State of Emergency in Niagara scared eclipse viewers away


Published April 10, 2024 at 1:02 pm

Niagara falls low turnout

In the lead-up to the solar eclipse, municipal and regional authorities in Niagara Falls braced themselves for a once-in-a-lifetime event with once-in-a-lifetime attendance numbers. However, when the big day came, the anticipated stampede of attendees was severely diminished when compared to initial projections. 

Now that the dust has settled, one question remains: What happened to the Niagara Falls solar eclipse event?

According to Niagara Falls Mayor Jim Diodati, he and his team were told to anticipate the largest public event ever held within city limits. With numbers (no pun intended) eclipsing the previous record of 150,000 attendees, back when Nick Wallenda crossed the falls on a tightrope in 2012. 

“We thought, okay, we got to be ready, so we were. We have emergency call centers all over the region, we have police on standby, ambulance, fire, drones, helicopters porta-potties, and we had extra cell towers brought in,” Diodati told “We were ready, and as soon as the region unilaterally put out the notice that we were going into a state of emergency, we were left quite shocked.” 

According to Diodati, the Niagara region authorities did not confer with municipal powers in any capacity before hitting the big red button and putting the region into a general state of emergency

“There had been zero consultation on this, and had there been, we would have expressed our disagreement with going in this direction. “What this did was cause a massive viral damper that, in turn, caused a media storm around ‘what’s the emergency?’ and a public concern surrounding ‘what aren’t they telling us?’” says Diodati. 

In the mere days between the state of the emergency announcement and the solar eclipse, countless hotels, Airbnb locations and restaurants in the Niagara Falls region experienced a massive wave of cancellations.

“Who’s going to take their family into an area that’s in a state of emergency? People would assume that would be a little dangerous and that many would be reluctant to do that — and that’s exactly what happened,” says Diodati. 

In the months leading up to the eclipse event in Niagara Falls, Diodati was given projections to expect nearly 1 million potential attendees. However, according to Diodati, when the big day came, those in attendance barely squeaked by 200,000.

While these margins were substantially less than what was projected, Diodati remains optimistic that due to the buzz around the state of emergency, the eyes of the world were — and remain — on Niagara Falls. 

“I believe that the residual impact is going be long-term returns from the international market, which has been lagging in our recovery post-COVID. I do think that, in the end, the silver lining to the grey cloud will be a lot more people visiting Niagara Falls than would have otherwise,” says Diodati.

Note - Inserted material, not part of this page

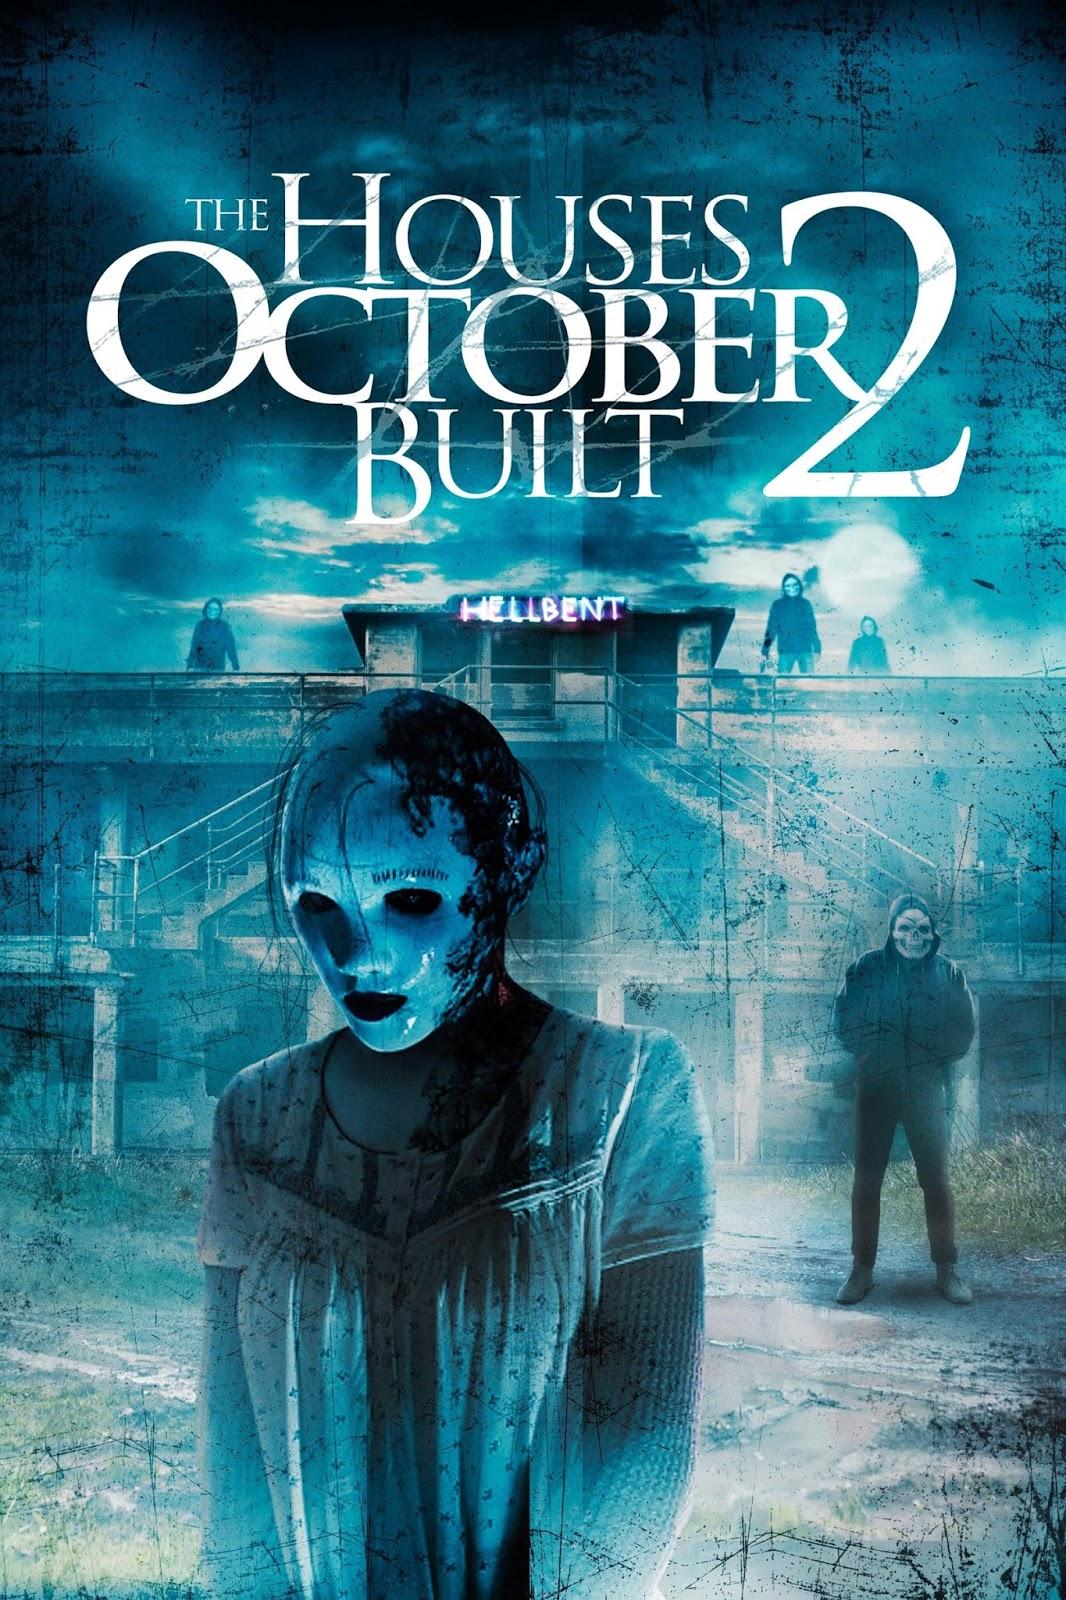 The Houses October Built 2 Legendado

As for the relationship between municipal authorities and the Niagara Region, Diodati believes that this incident, if anything, can be used as a lesson for future events held in the area. 

“Sometimes you get bad information, bad advice, and that can often at times, lead to bad decisions,” says Diodati. “Having said that, we wouldn’t have had all that extra media, so yes, it killed the crowds for sure and scared people away but it also drew in headlines.” 

While another solar eclipse isn’t bound to hit Ontario for many years, Diodati does believe that what has been learned can lead to strengthing the city down the road, as Niagara Falls is no stranger to large-scale events and bombastic turnouts. 

“We need to have all hands on deck; we need to have everyone in the room at the same time because then things come out that wouldn’t come out in isolation, as anyone making decisions in a vacuum is bound to make bad calls.”